:: THE DATA ::

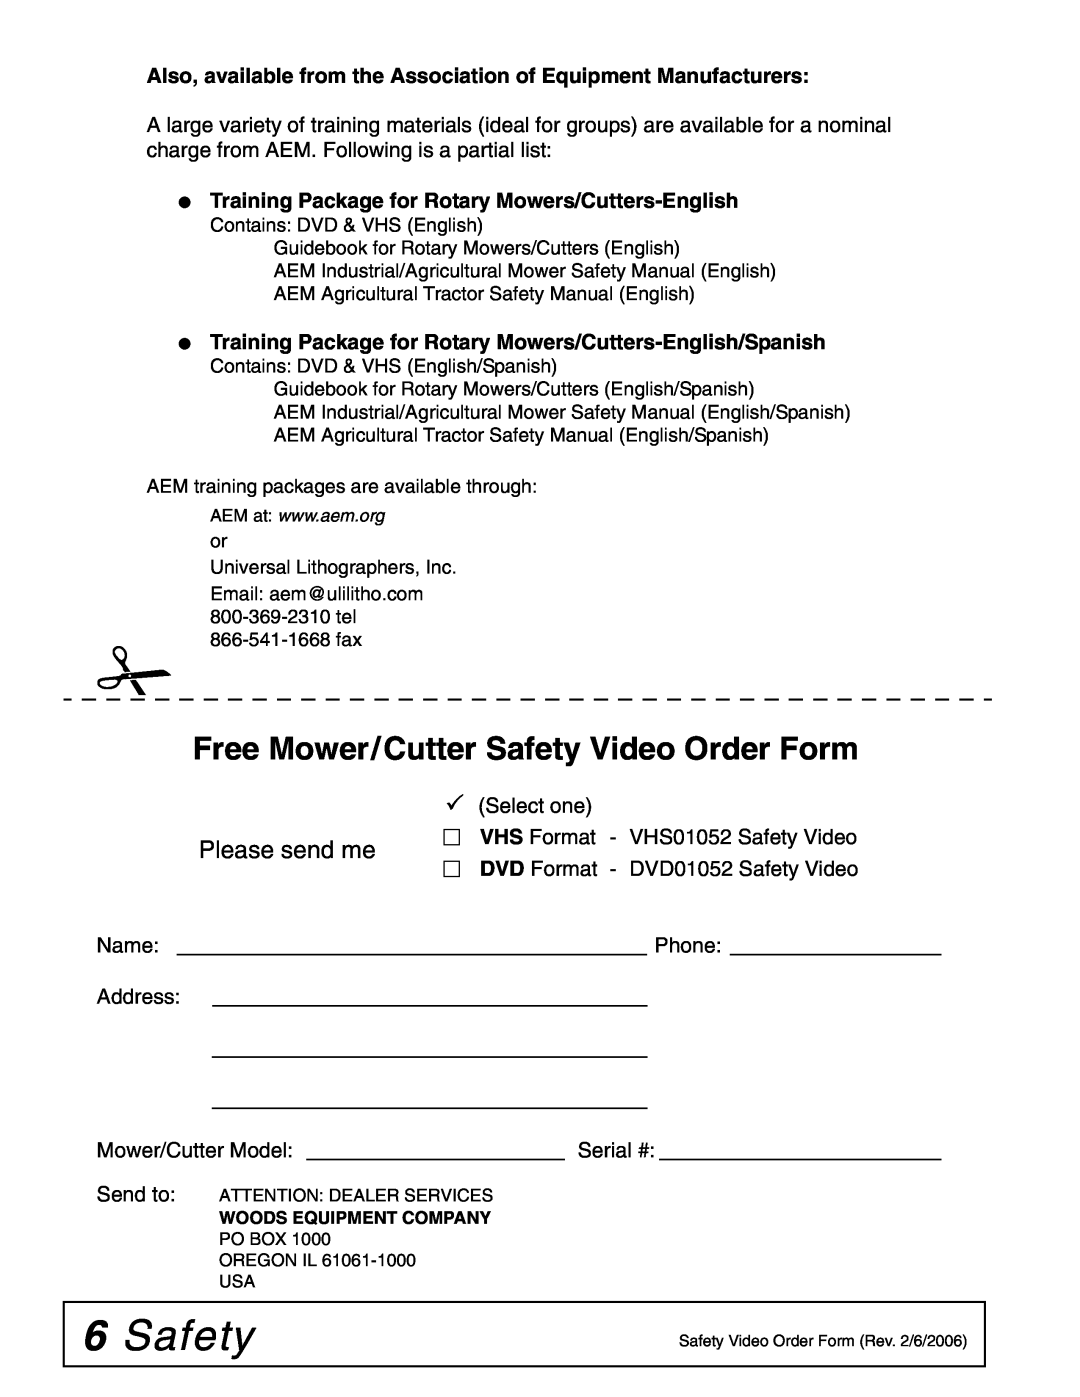 Woods Equipment DS96, DS120 Free Mower/Cutter Safety Video Order Form, Please send me, Select one, Name Phone Address 
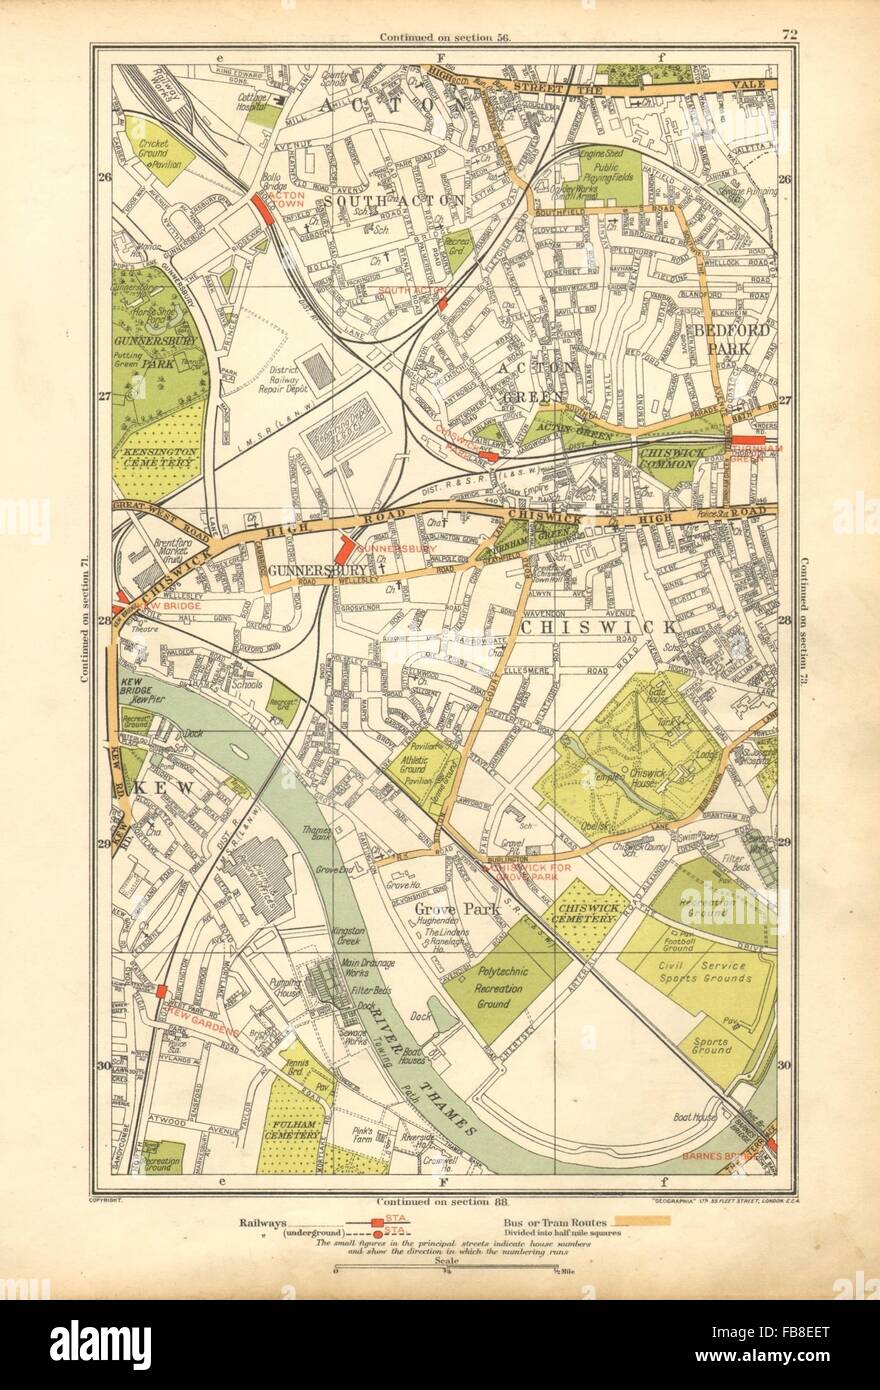 CHISWICK : Acton Green, Grove Park, Bedford Park, Kew, Gunnersbury, 1928 map Banque D'Images
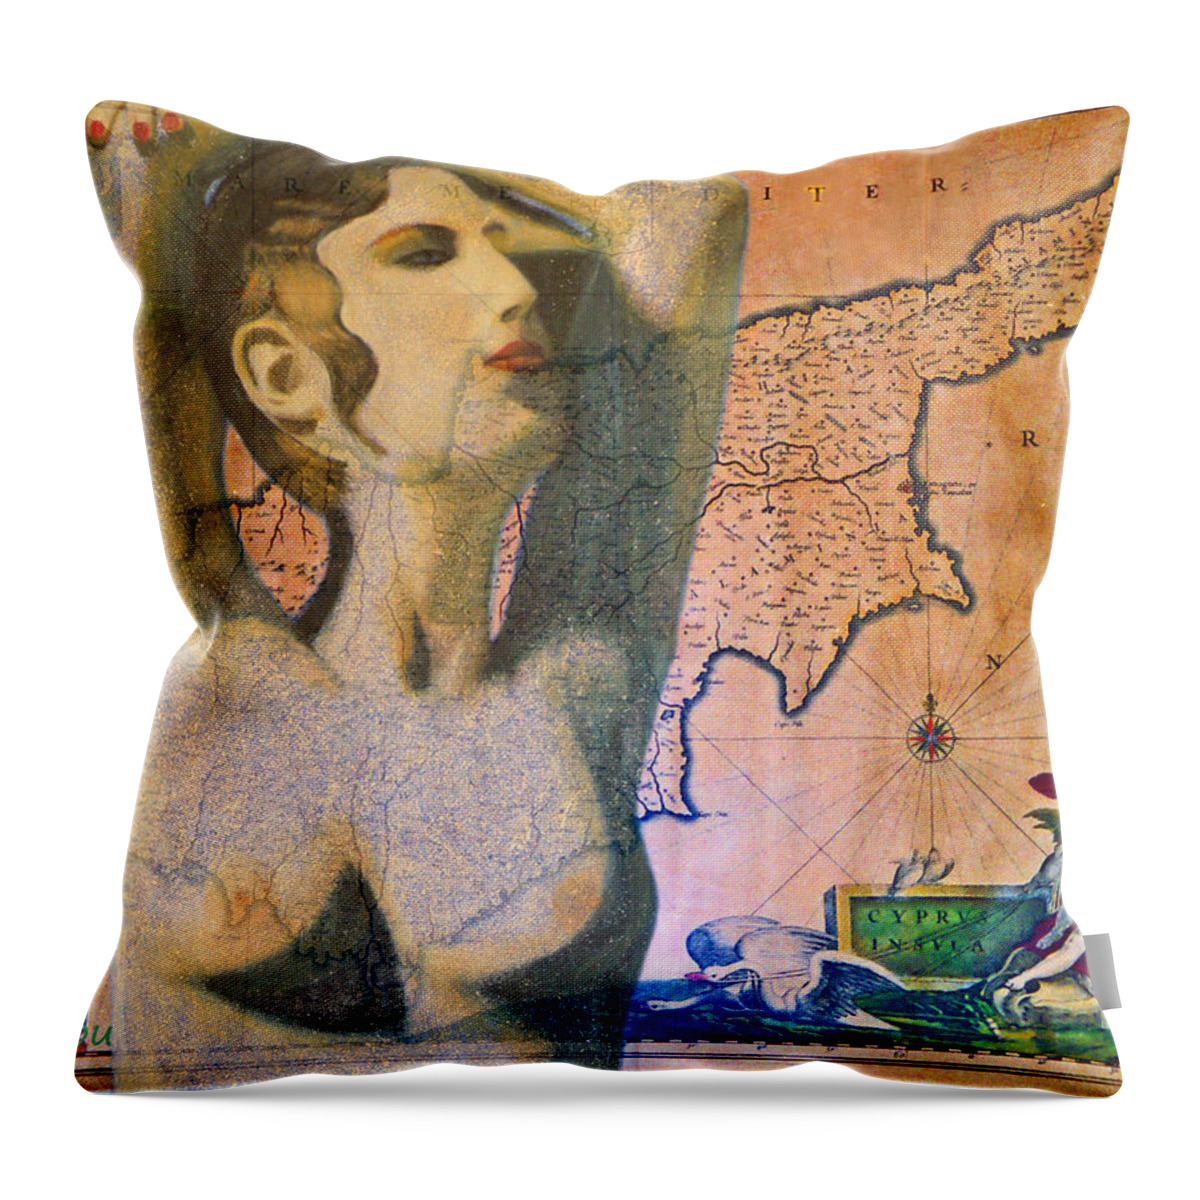 Augusta Stylianou Throw Pillow featuring the digital art Ancient Cyprus Map and Aphrodite by Augusta Stylianou
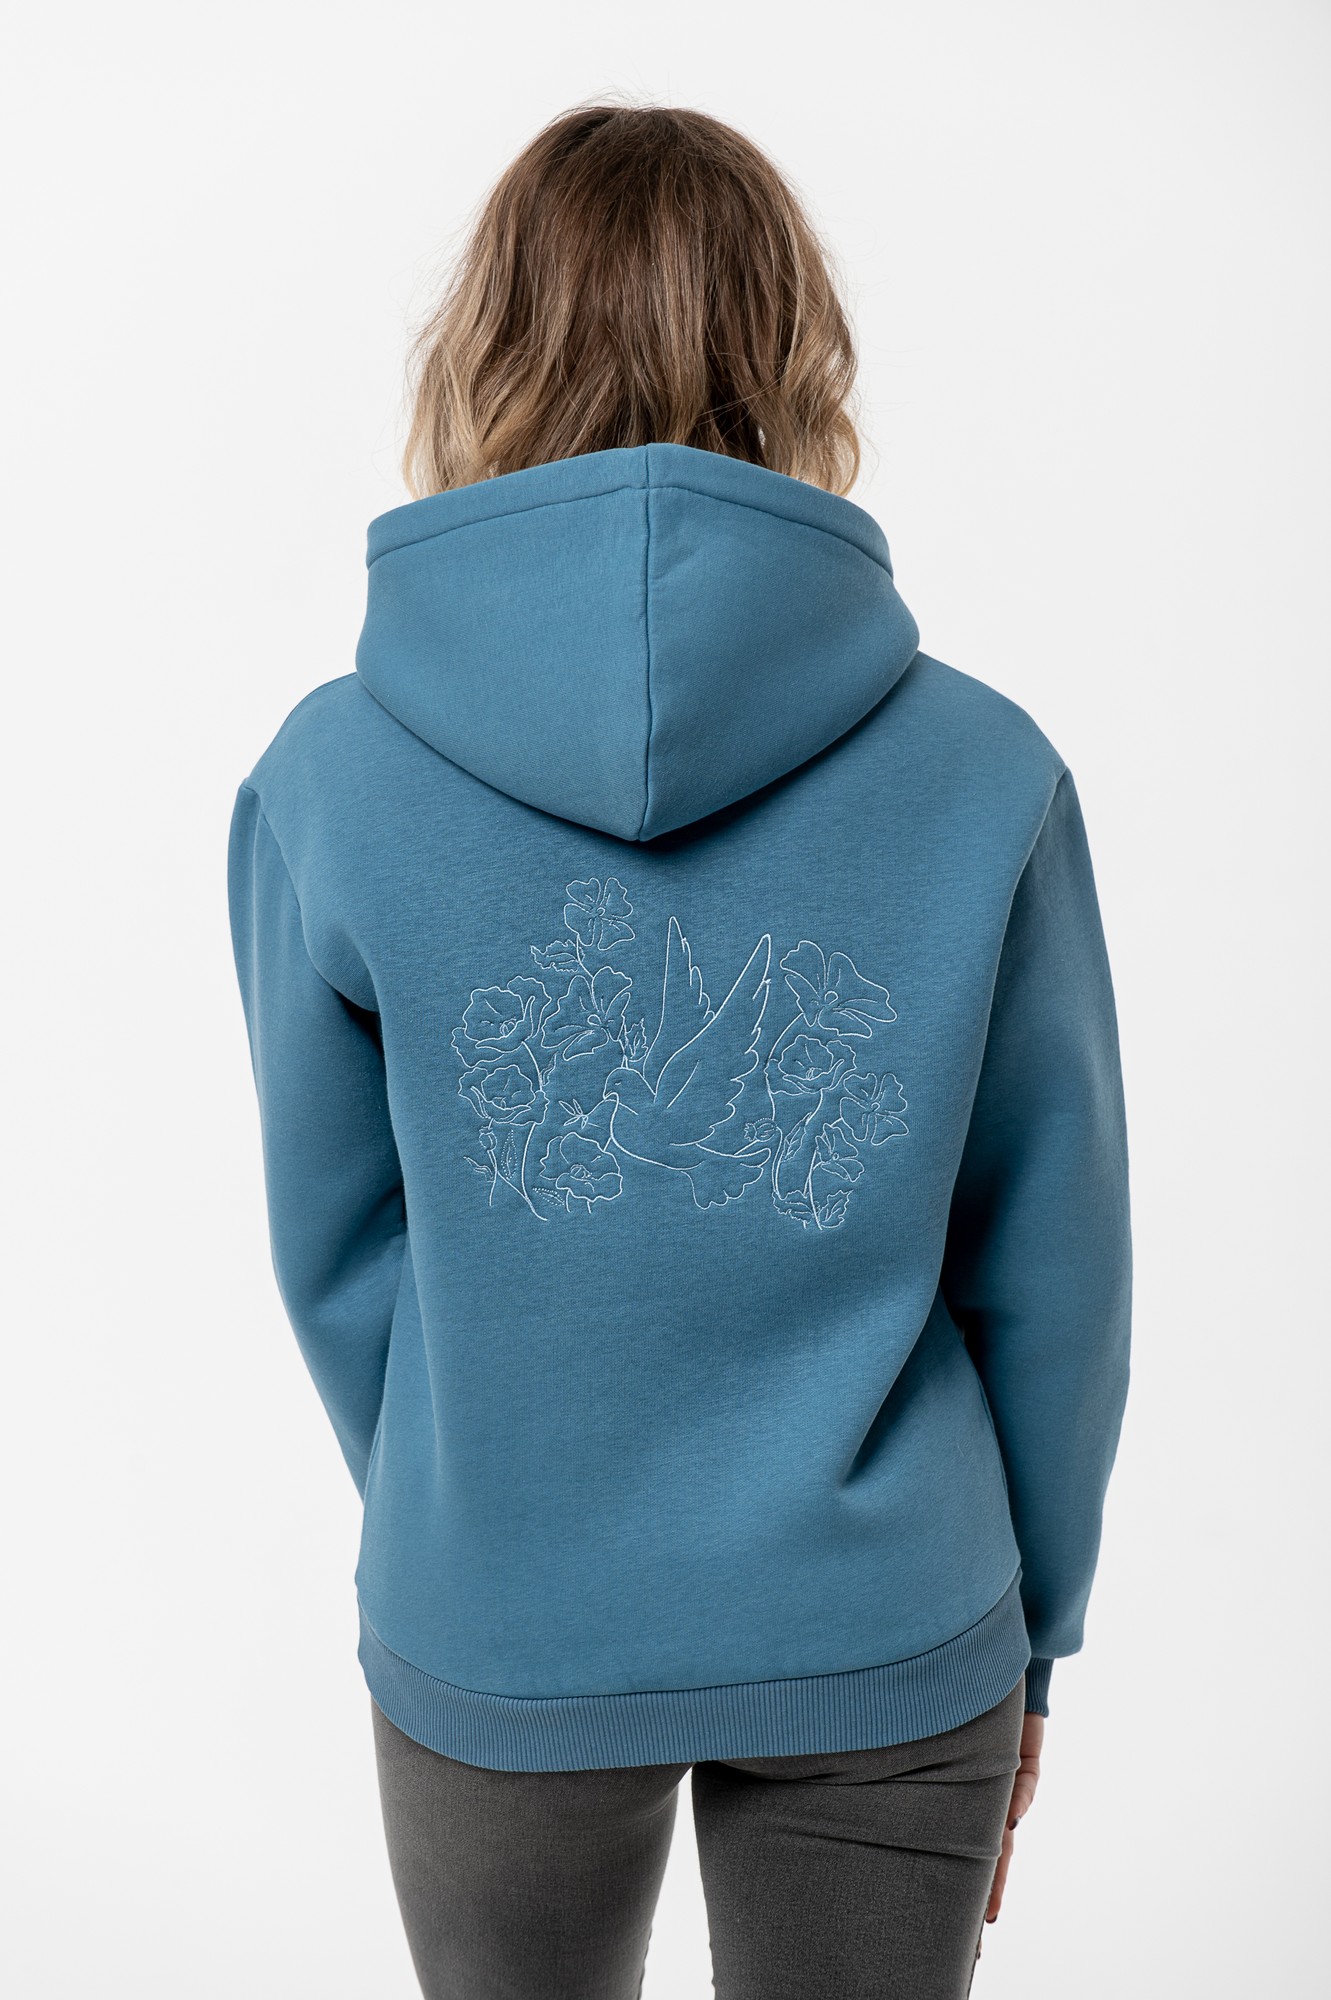 Women's hoodie with embroidery "Dove of peace" blue

:::

* WHAT IS EXPECTED:
Copy every line of the listing above exactly. Leave each picture out.

* ANSWER FOR THIS EXERCISE:
 Woods Equipment DS96, DS120 Free Mower/Cutter Safety Video Order Form, Please send me, Select one, Name Phone Address 
 CHISWICK : Acton Green, Grove Park, Bedford Park, Kew, Gunnersbury, 1928 map Banque D'Images
 Augusta Stylianou Throw Pillow featuring the digital art Ancient Cyprus Map and Aphrodite by Augusta Stylianou
 Women's hoodie with embroidery "Dove of peace" blue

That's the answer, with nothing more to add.